Excerpted data
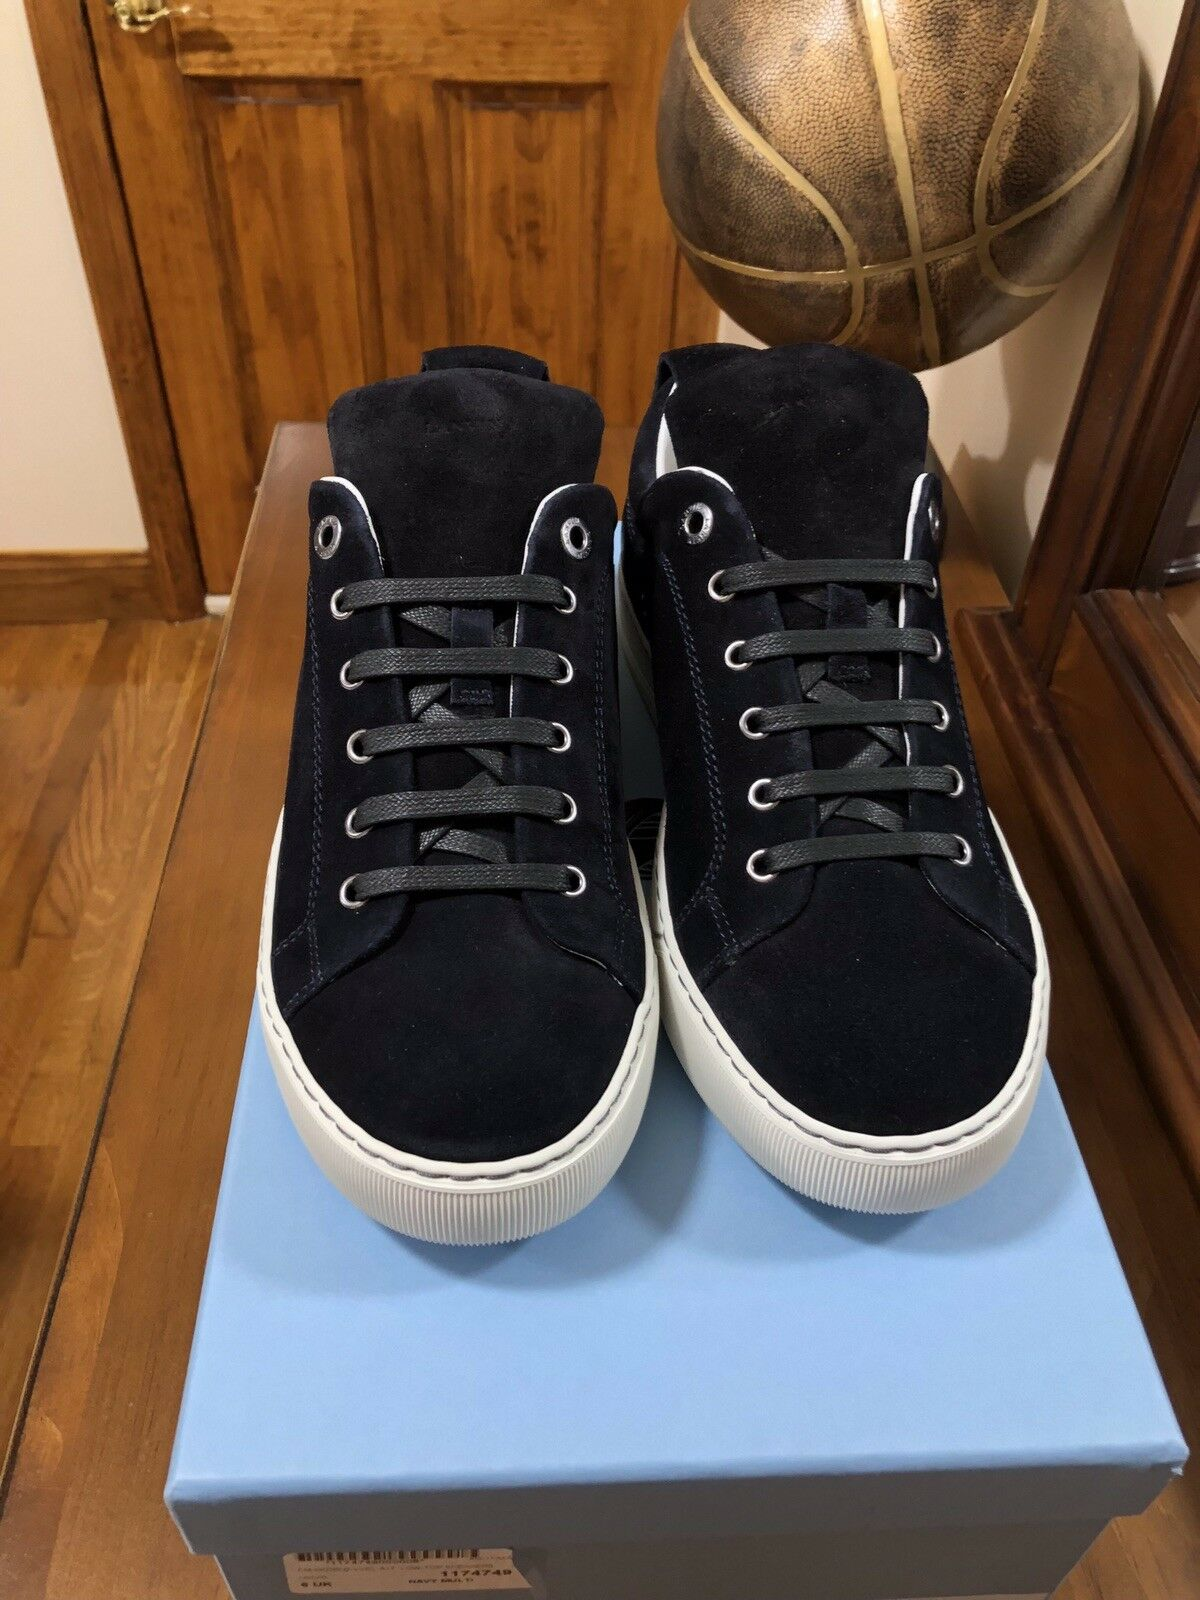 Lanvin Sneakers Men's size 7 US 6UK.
==
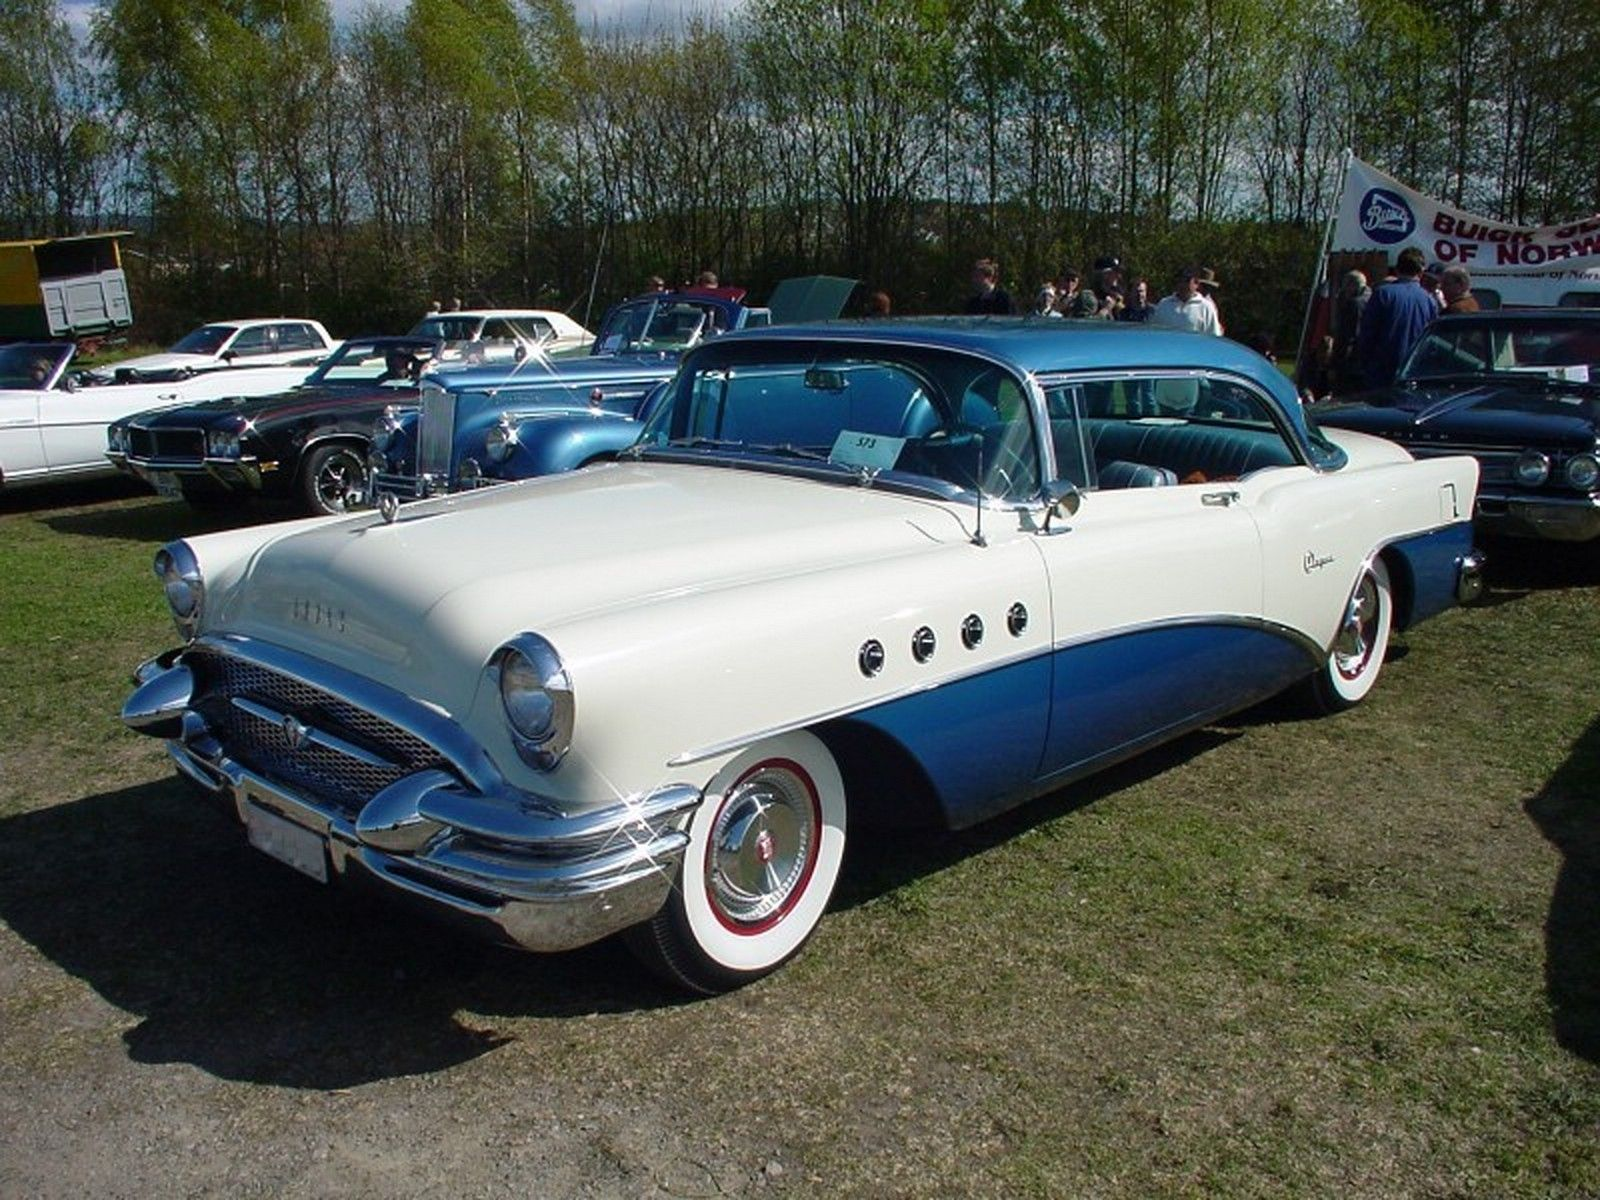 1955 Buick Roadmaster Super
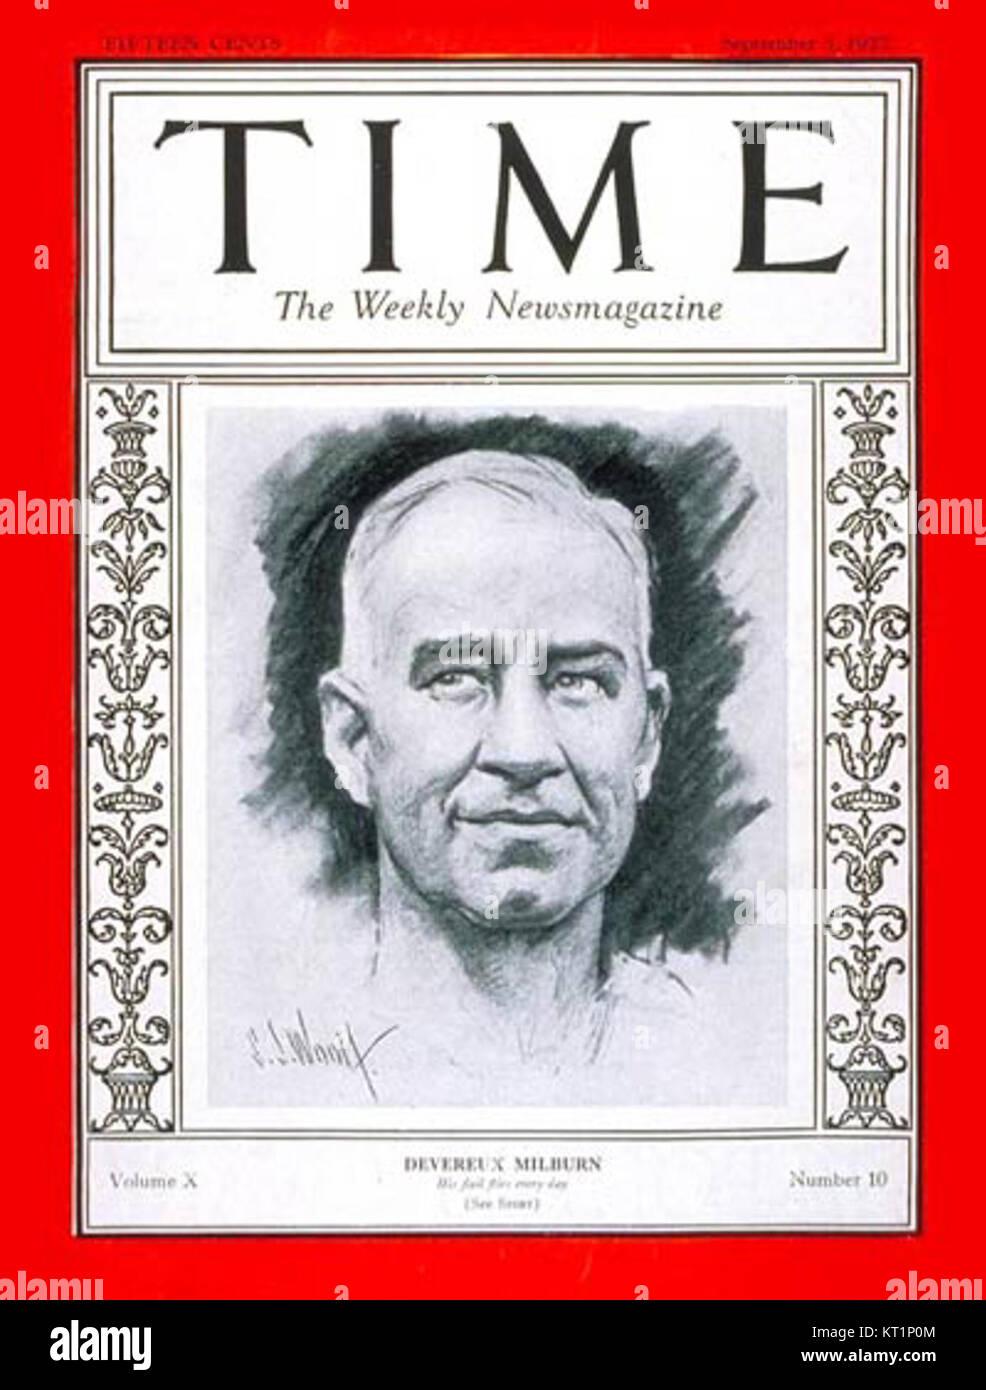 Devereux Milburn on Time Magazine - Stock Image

Directions
Only one stretch of the material above is wanted: the line containing "1955 Buick Roadmaster Super" through the line containing "Devereux Milburn on". Restate it word for word, minus the pictures.

Result of the exercise
 1955 Buick Roadmaster Super
 Devereux Milburn on Time Magazine - Stock Image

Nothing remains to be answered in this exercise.